- Developer: HL2:CTF team
- Series: Half-Life 2
- Engine: Source
- Platforms: Microsoft Windows, Linux
- Release: December 8, 2011
- Genre: Action
- Mode: Multiplayer

= Half-Life 2: Capture the Flag =

Half-Life 2: Capture The Flag is a multiplayer team-based capture the flag mod developed around Half-Life 2. The public beta version was released on February 23, 2005. The latest version of the mod was released to the public on December 8, 2011. On October 16, 2013, Half-Life 2: Capture The Flag was greenlit on Steam Greenlight.

==Gameplay==
The game features seven unique modes of play, each dividing the players into two teams: The Combine as Blue team and The Rebels as Orange team where the teams fight each other over the flag(s). Players are provided with thirteen weapons, seven unique power-ups (referred to as "Runes"), enhanced player movement features and a gravity gun to help accomplish the goal of capturing the other team's flag.

The overall gameplay in the mod attempts to mimic all of the traditional capture the flag features presented in other video games while providing features unique to itself. Gameplay features such as the ability to pass the flag long distances, wall jumping and use of the gravity gun to manipulate props as a weapon combine to expand upon the traditional capture the flag gameplay found in other action games with a capture the flag game mode.

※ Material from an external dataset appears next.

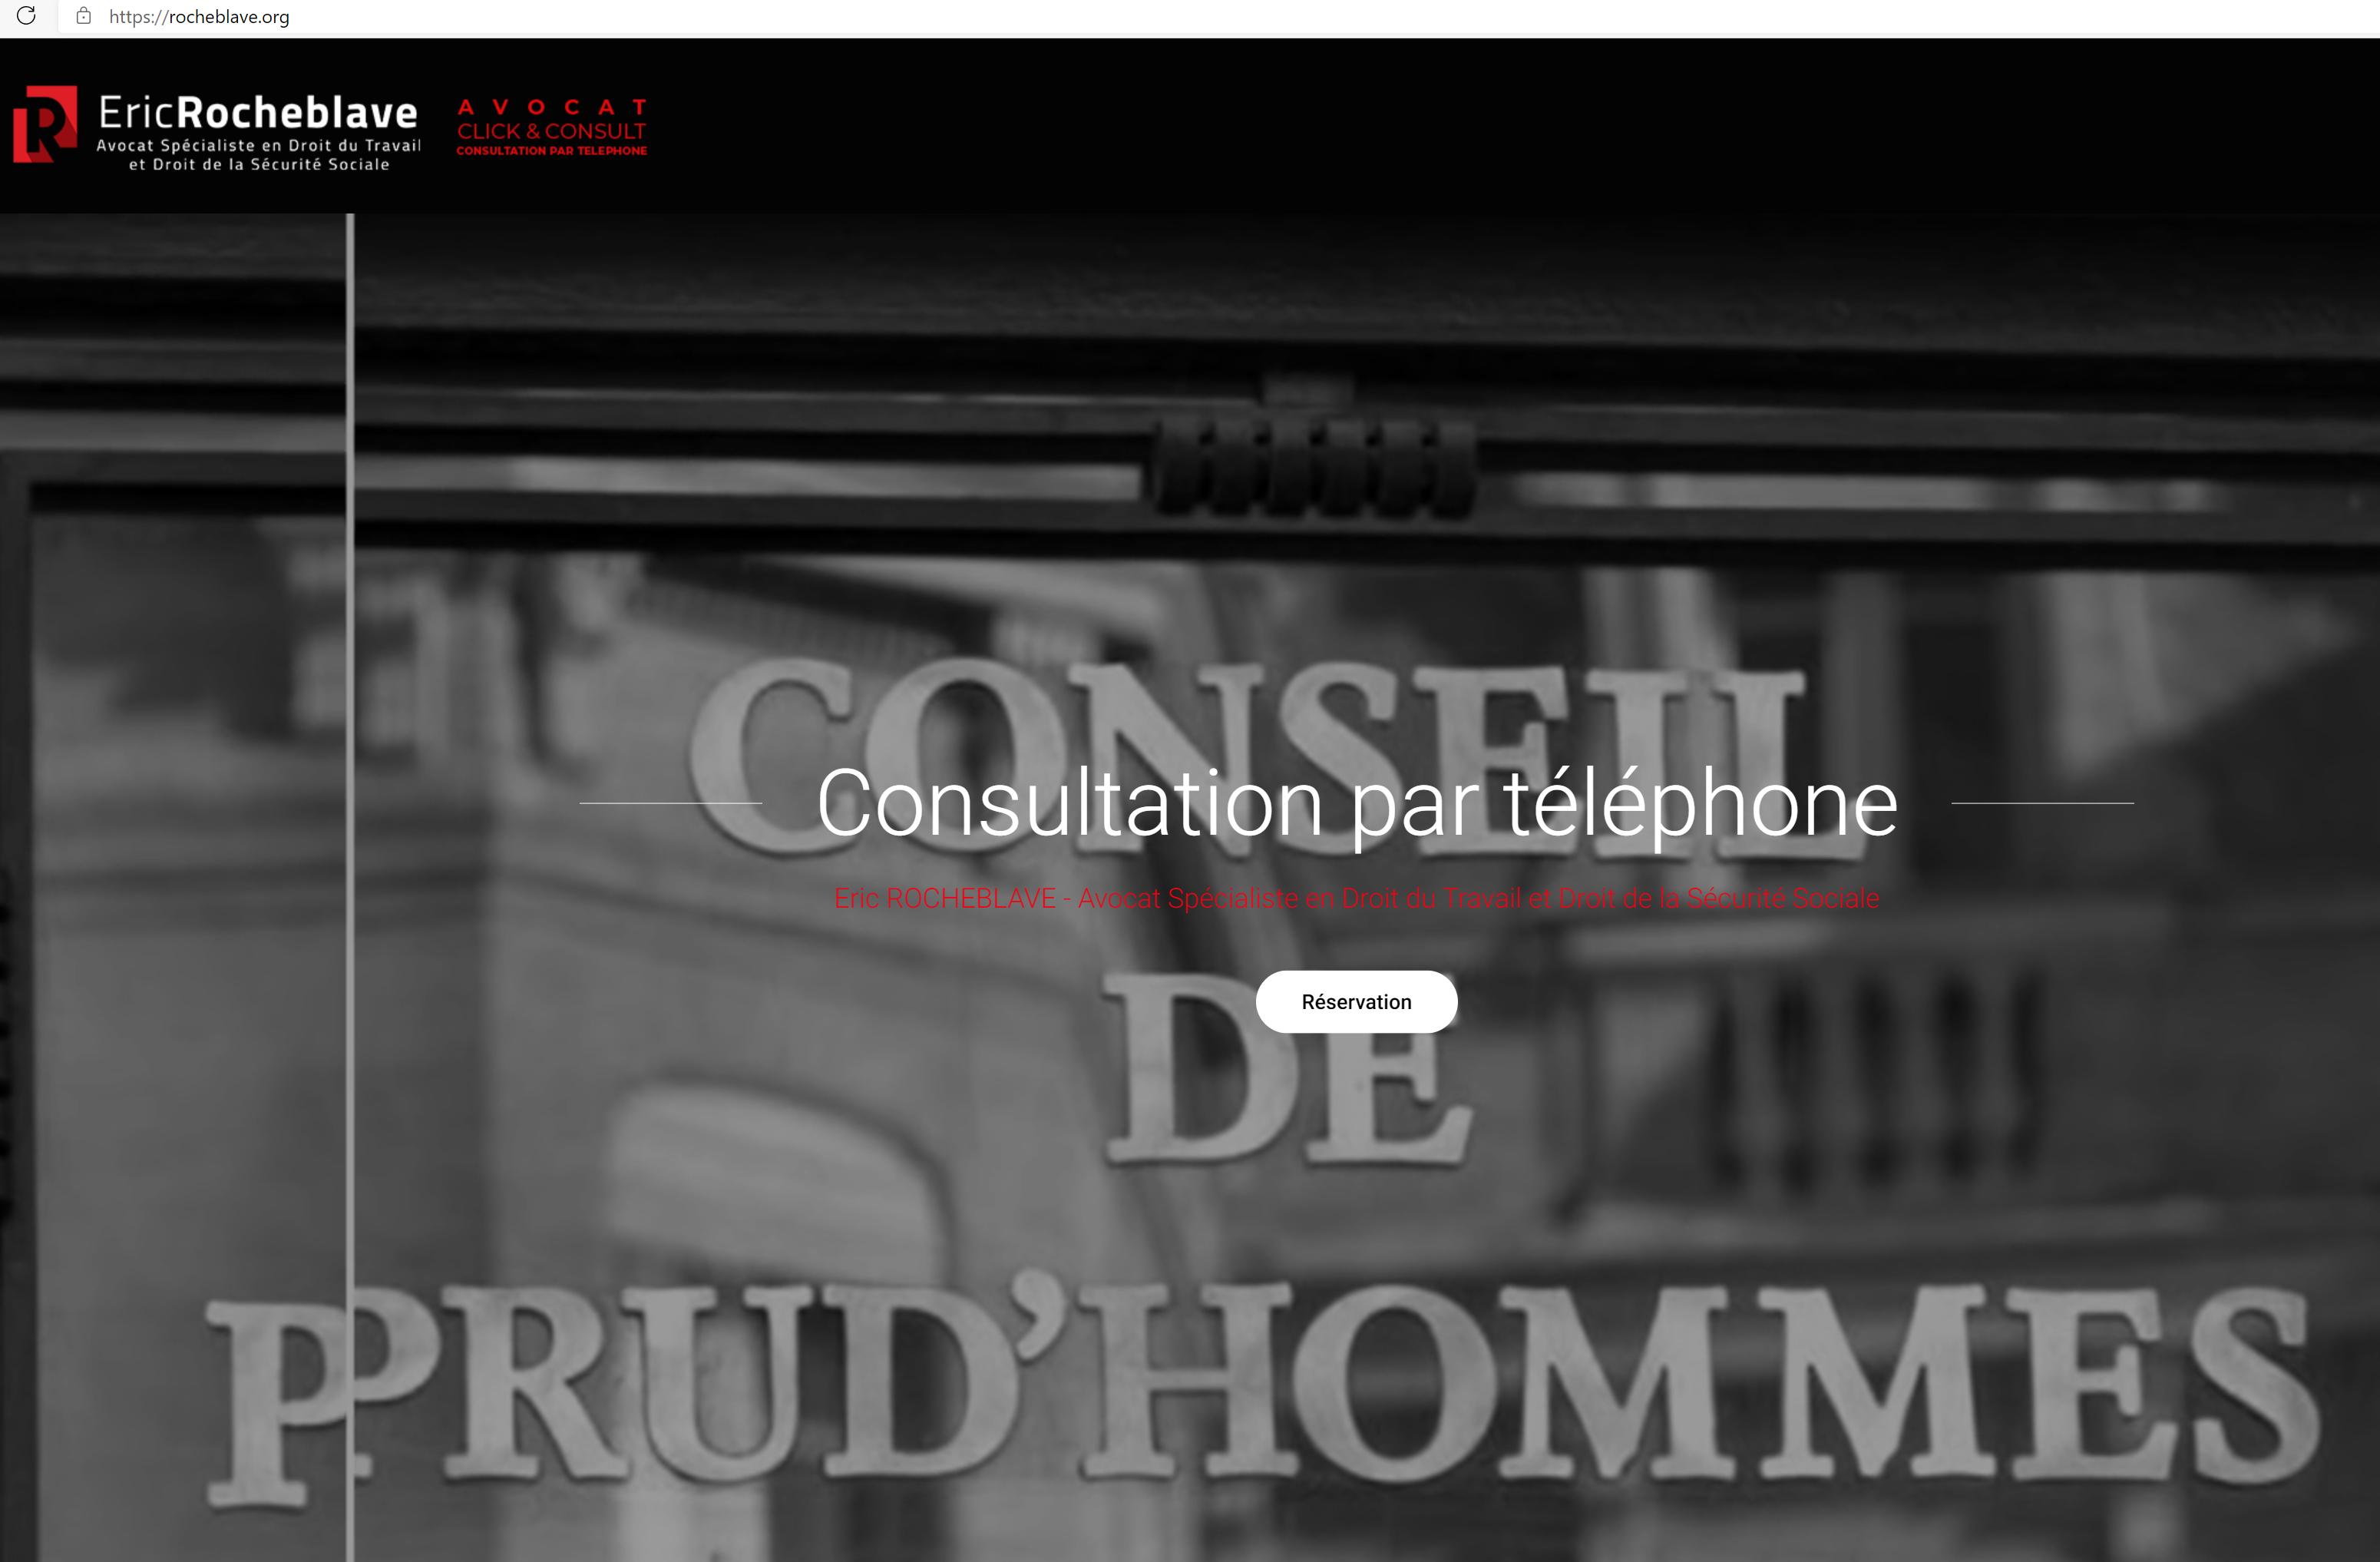 Avocat Click&Consult - Consultation par téléphone

There are seven modes of play: Capture the Flag (CTF), One-Flag (1F), Domination (DOM), Football (FB), Territorial Control (TC), Capture Point (CP) and Attackers versus Defenders (AVD).

==Development ==
The co-founders of the Half-Life 2: Capture the Flag Project are Andrew Blevins and Patrick Flanagan who produced the popular game mod for Quake III Arena called Q3 Gridiron which is a chaotic game mod based on American football and referred to as "Football with Rocket Launchers." After the successful release of the Q3 Gridiron game modification, the two built a second game mod for Quake 3 named xCTF which was never completed as they decided to build a capture the flag mod on the then (2004) newly released Half-Life 2 Source SDK which ultimately was released as Half-Life 2: Capture the Flag.

Since the original beta development of the mod, many other players, designers and programmers have come forward to contribute to the project. Many of the developers have gone on to work in their respective disciplines for large gaming companies and other game modification projects. The full list of developers, play testers and the full history of the mod can be found in the HL2CTF_readme.txt included in the game mod installation file.

==Reception==
Half-Life 2: Capture the Flag met with positive reviews upon release. Several gaming websites and print media gave the game praise.
- PC Gamer published an article in the July 2005 edition of the magazine and included an early version of the mod on the attached game demo disk for that month.
- ModDB called HL2:CTF "The best multiplayer Half-Life 2 experience you are going to run across. Period."
- Planet Half-Life states that HL2:CTF "Provides an incredibly fun, action-packed experience for players of all levels of skill."